1 year ago-1 points(+0/-0/-1Score on mirror)2 children
jeesus fucking christ.
the propability for alll the space shit to be fake is about the same as lizzard people, hollow earth and flat earth all being true at the same time.
if you wanna believe that, okay for me, as long as we agree on killing all niGGers.
but the shere assumpption that Kiketrumps opinion on any complicated matter is proof for anything is just so reatarded, its even worse than that autistic scientist failing to express nuances in his statement.
you know why we dont have the technology anymore???
because nowadays we dont send some gung-ho soldiers up there with a 50/50 chance of blowing up. thats why.
weve come a long way baby.
NASA and ESA and all others are acting so slow, it feels like a bad joke, like a conspiracy, but the conspiracy is not "space doesnt exist" the conspiracy in its most crazy form can only be "its good for humanity to delay becoming an interplanetary civilisation, cause once any individual can own ten metric tons of Gold, the Global stranglehold of the jEwish bankers breaks down..
think of that.
theres literal balls of iron Gold and platinum 20 MILES WIDE floating through space...

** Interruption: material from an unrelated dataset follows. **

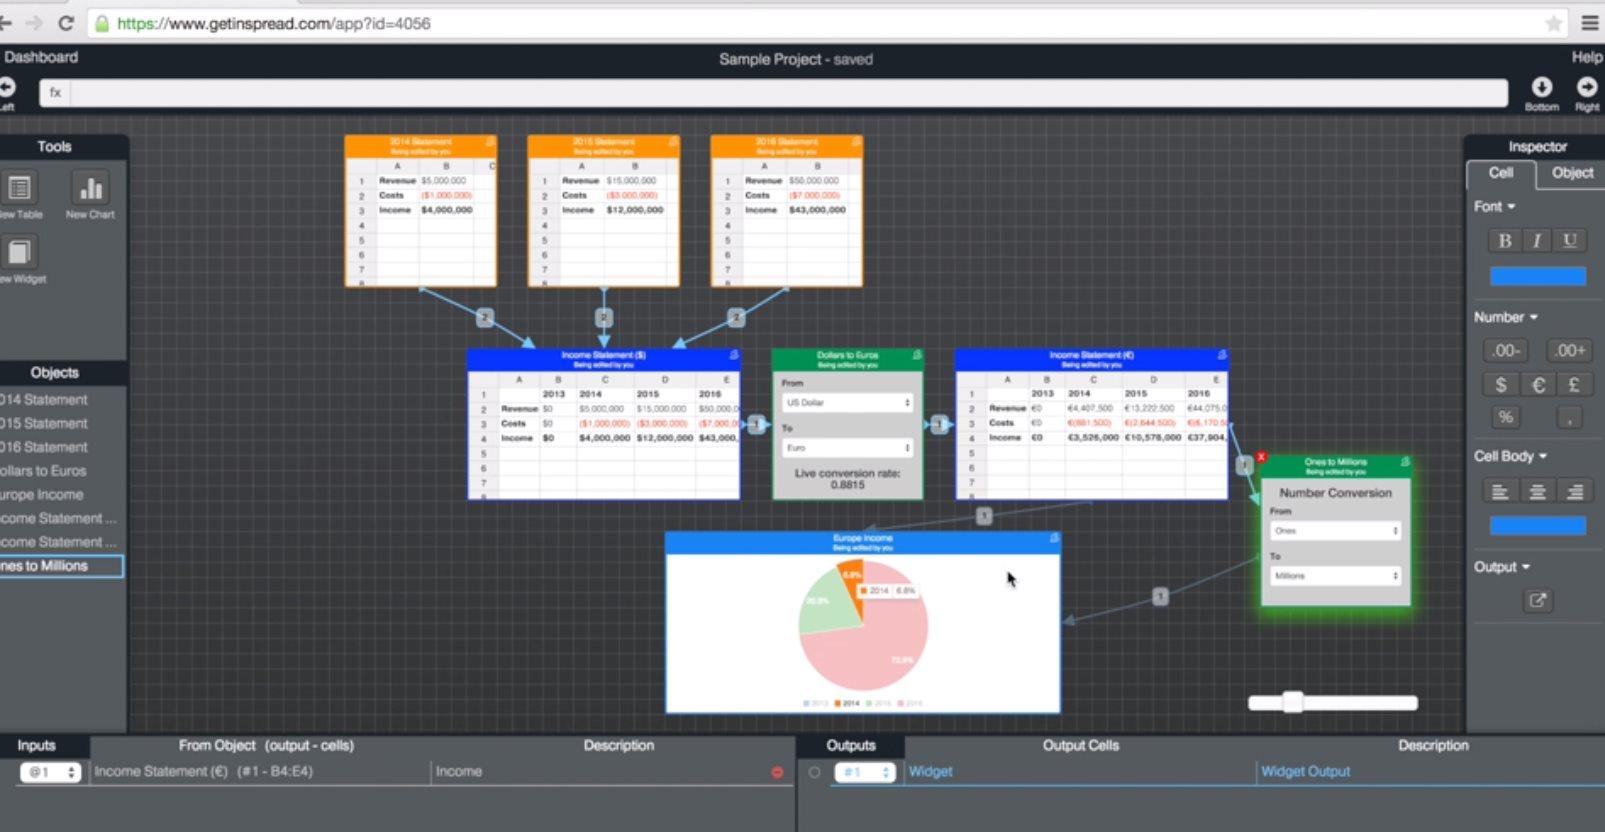 inspread, una impresionante forma de trabajar con datos en una plataforma web
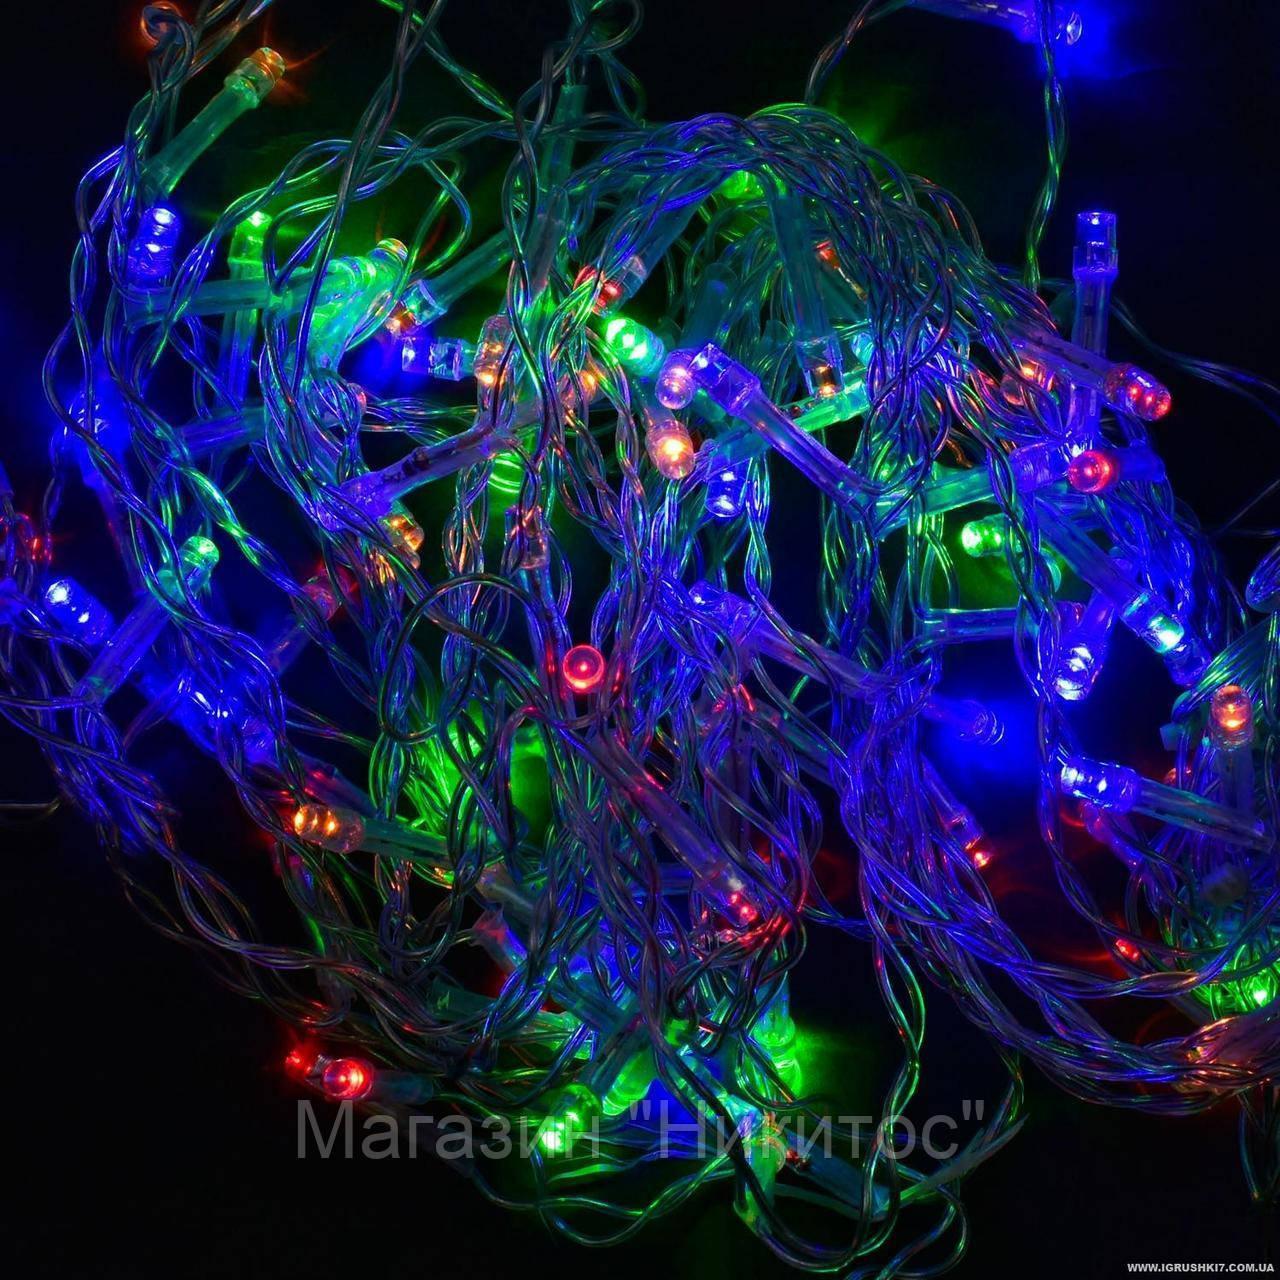 SALE! Гирлянда светодиодная 100 лампочек, длина провода 3 метра, длина веток 70 см

you think any jEwish hoarder wants that kinda wealth redistributed???
1 year ago-1 points(+0/-0/-1Score on mirror)1 child
> i have worked for european space agenca,
Doing what? Were you an astronaut?
> and i know many people who have telescopes that are good enough to view our neighbouring planets.
Okay, so your friend has something that allows you to see lights in the sky with more detail, and therefore everything you've been told about them is true?
> they may be able to hide a saucer. but.. THE EXISTENCE OF SPACE?????
They don't need to hide it from people like you. You don't question it, no matter how ridiculous the claim is. Why? You're saying because they couldn't possibly lie about it. Okay.